Verbio AG's bioethanol plants in Schwedt and Zörbig also produce what is known as a by-product "Verbiogas" (see article), which is a biomethane obtained and processed from residual materials such as stillage and straw, which can be used as fuel in vehicles that use natural gas. This production principle thus combines the production of 1st and 2nd generation biofuels, whereby a high degree of energy use and a remarkable climate balance can be achieved by current standards. A good transition to point 7 ...
7. The ecological balance of biofuels is improved
A frequent criticism of some first generation biofuels is that they should not have a better ecological balance than fossil fuels. This is certainly a highly complex topic and cannot be dealt with in just two sentences. The fact is that the next generation of biofuels (e.g. cellulose ethanol or BtL biodiesel) will have an even better carbon footprint than those of the first generation and up to 90% CO2- to save emissions compared to the fossil representatives.
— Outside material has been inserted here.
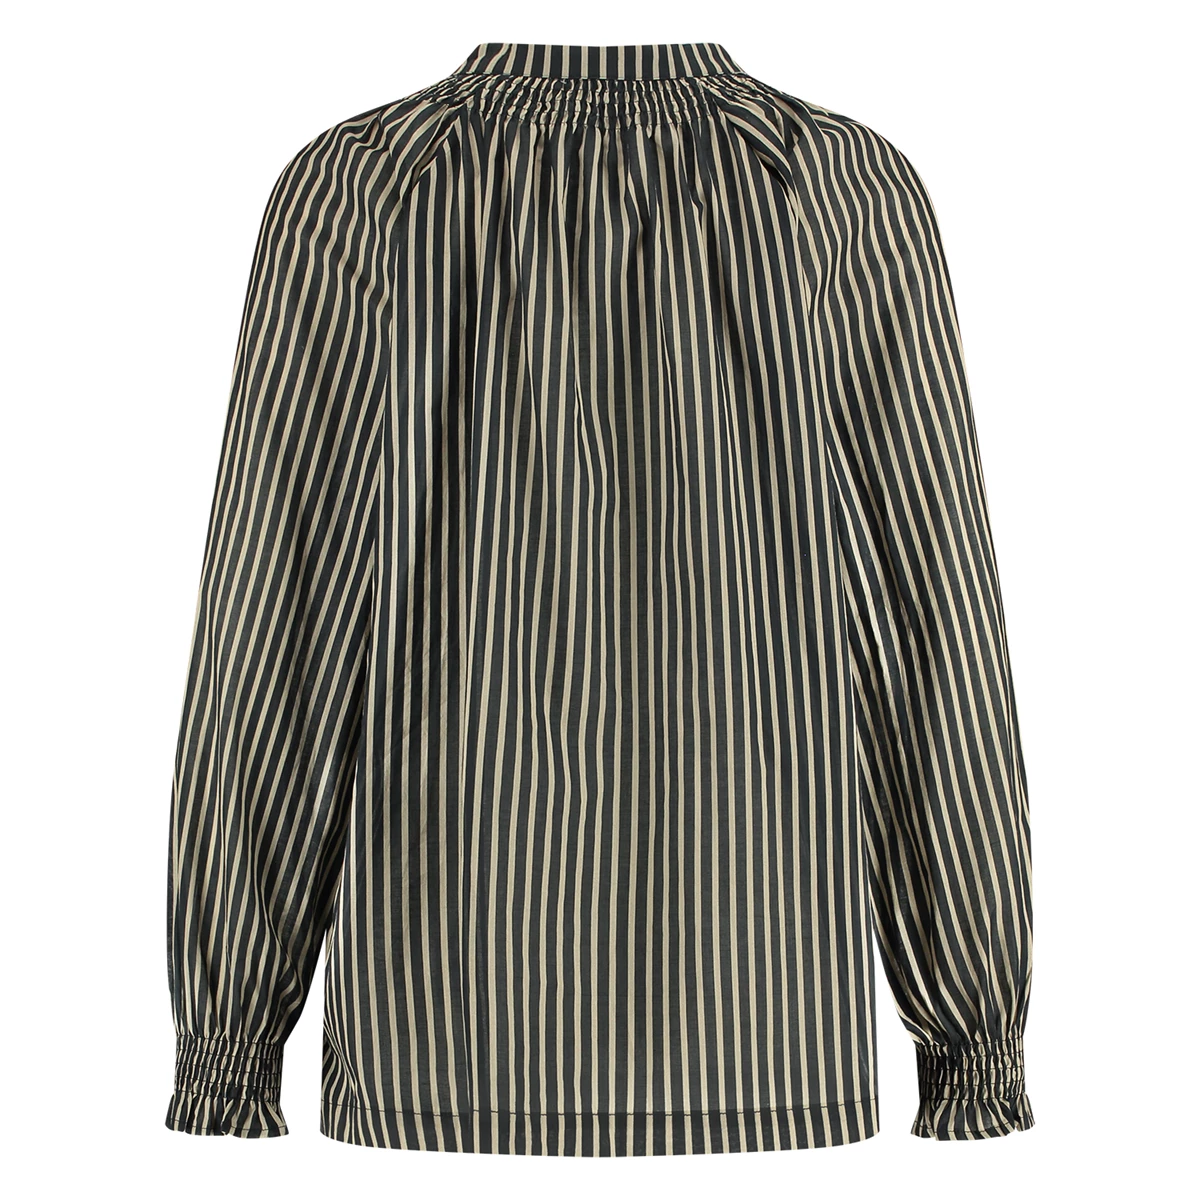 Nukus | Liz blouse stripe black/sand
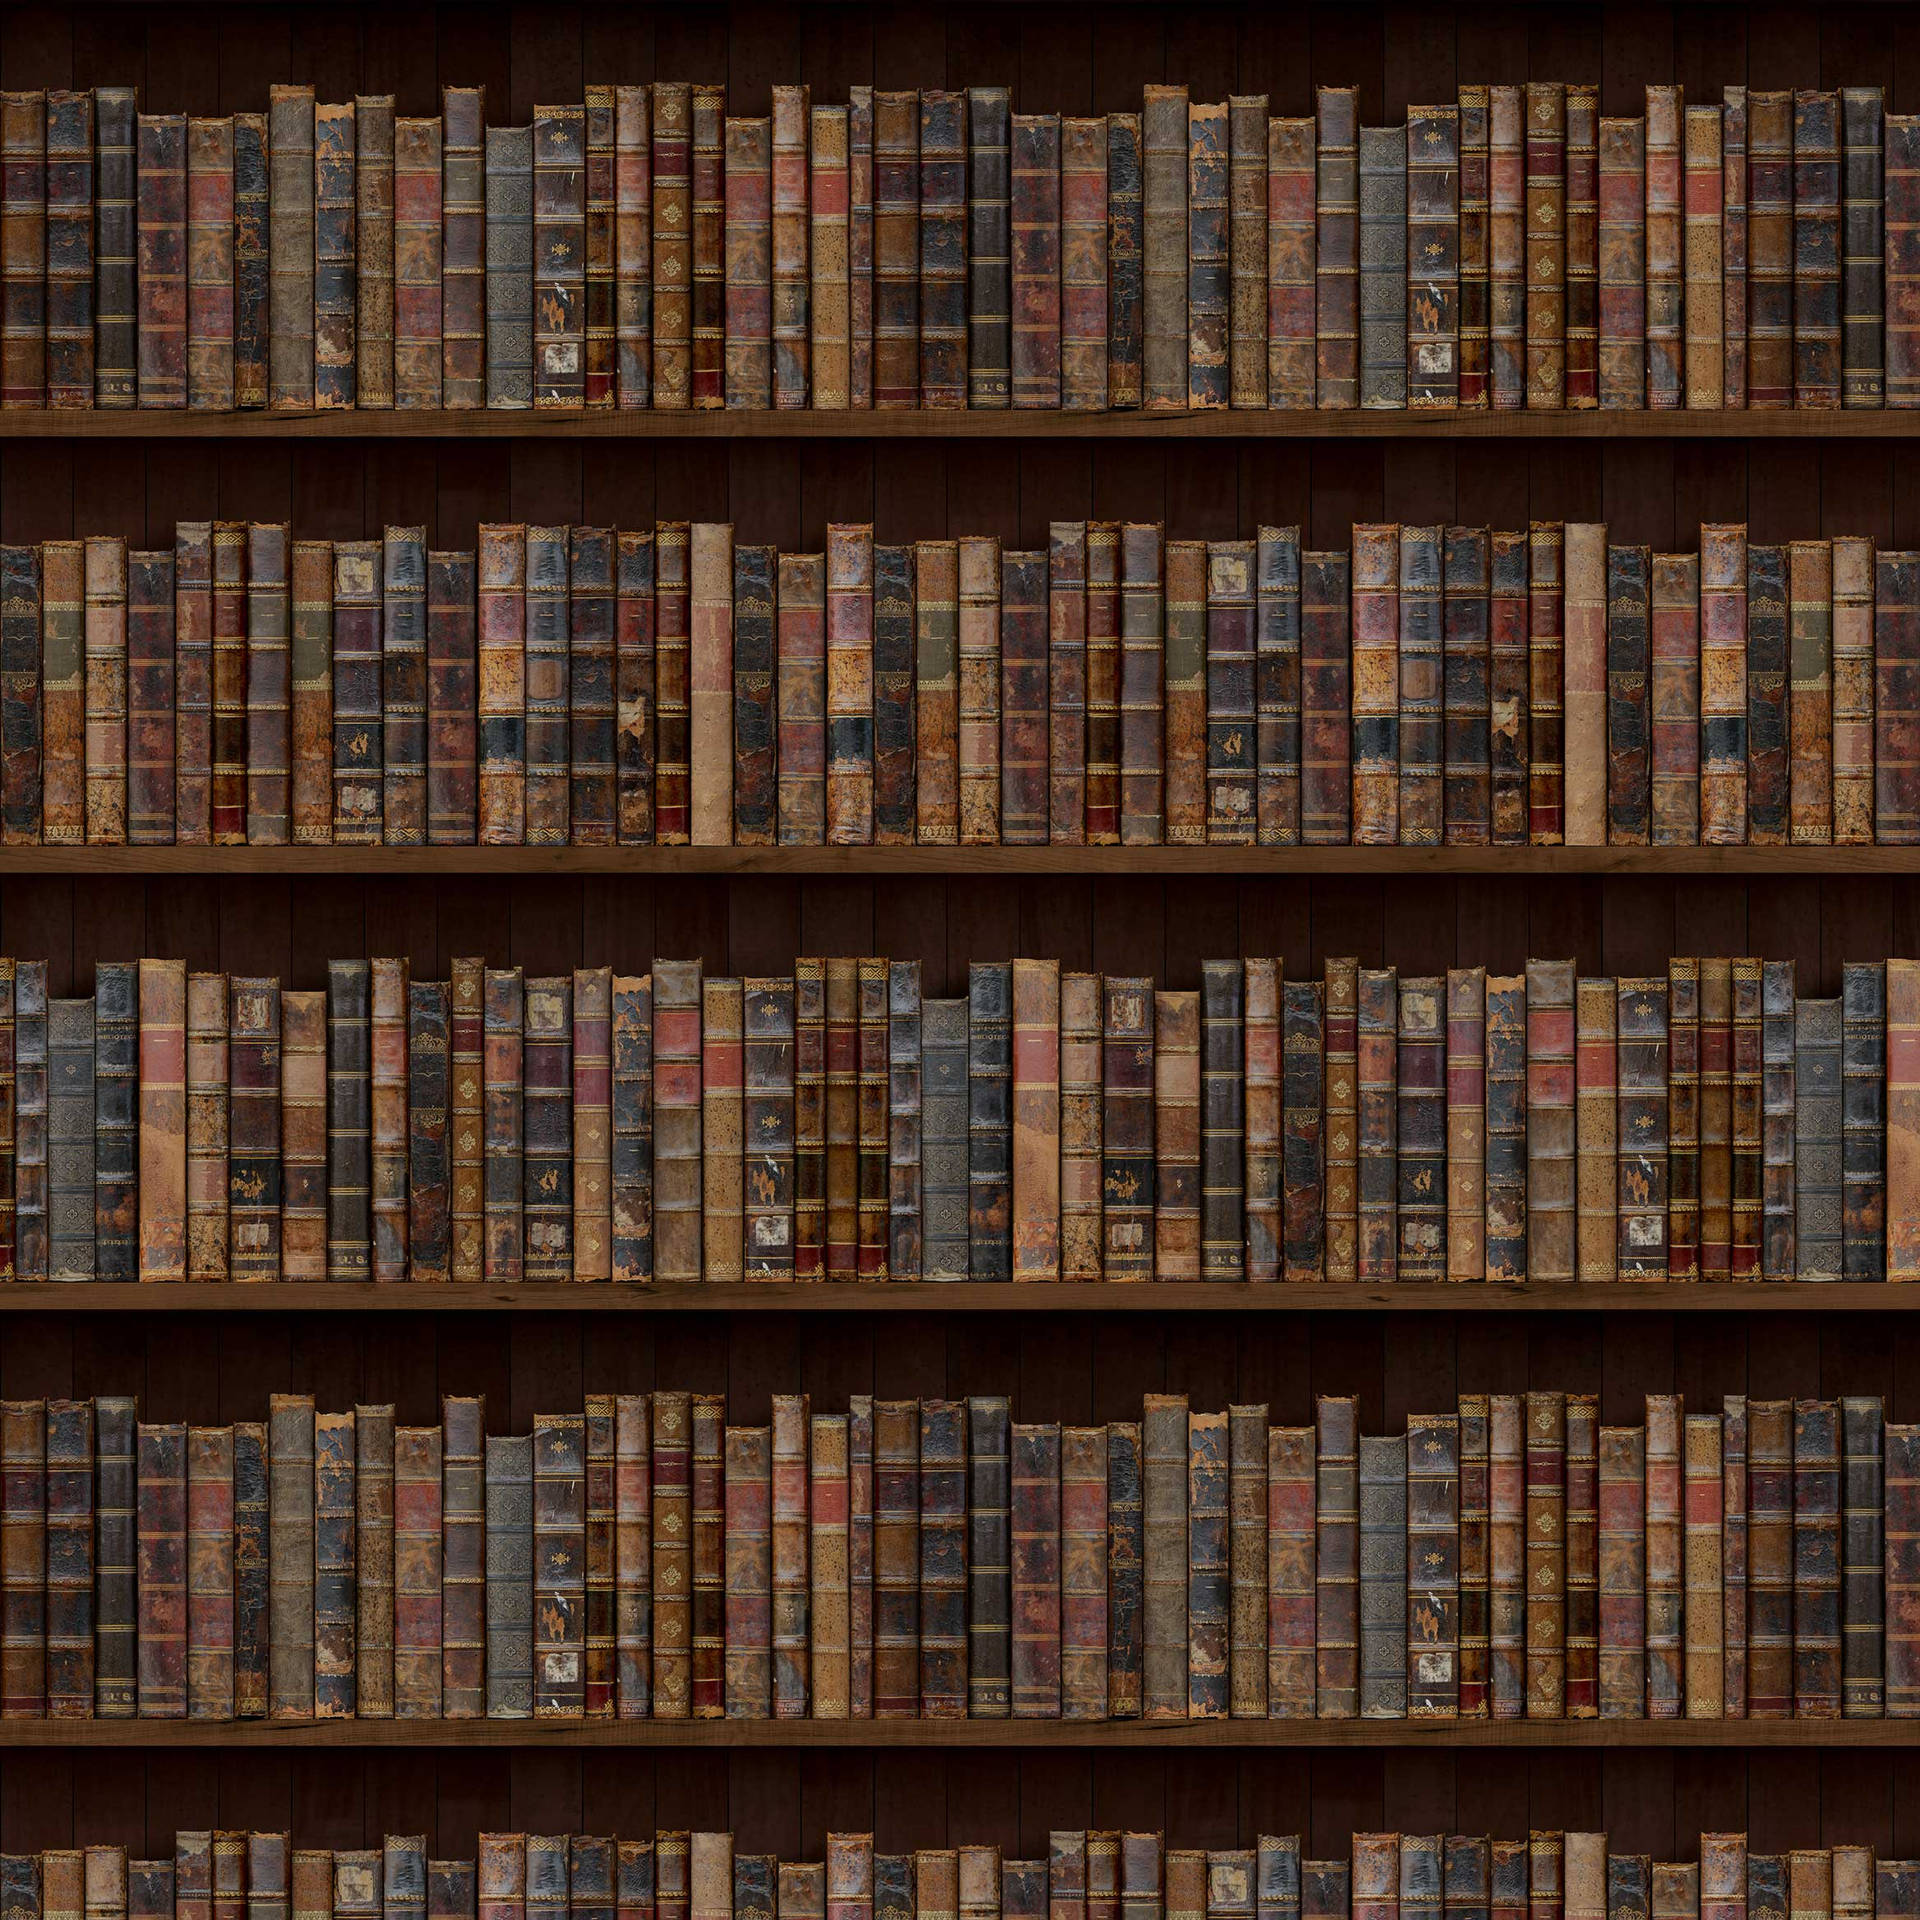 Unabiblioteca Con Muchos Libros En Estanterías Fondo de pantalla

Conclusion on next generation biofuels
Despite the advantages, there are of course still challenges that have yet to be overcome in the production and use of biofuels.
With all the sympathy for the next generation of biofuels, in my opinion it should also be avoided that the various biofuels are played off against each other, because depending on the location, each fuel can have its advantages. Due to the interaction of several fuel generations, the growing demand for them can be spread over several shoulders. The path to second generation biofuels is via first generation fuels. That is why, in my opinion, it is also worthwhile to forgive the difficulties involved in the introduction of E10 and to take into account the experiences made with future biofuels.
The International Energy Agency (IEA) has published and published a comprehensive paper (as of February 2010) on next-generation biofuels can be read HERE.
What is your opinion on the development of biofuels and what potentials and points of criticism do you see? Thanks for reading and special thanks to each commenter.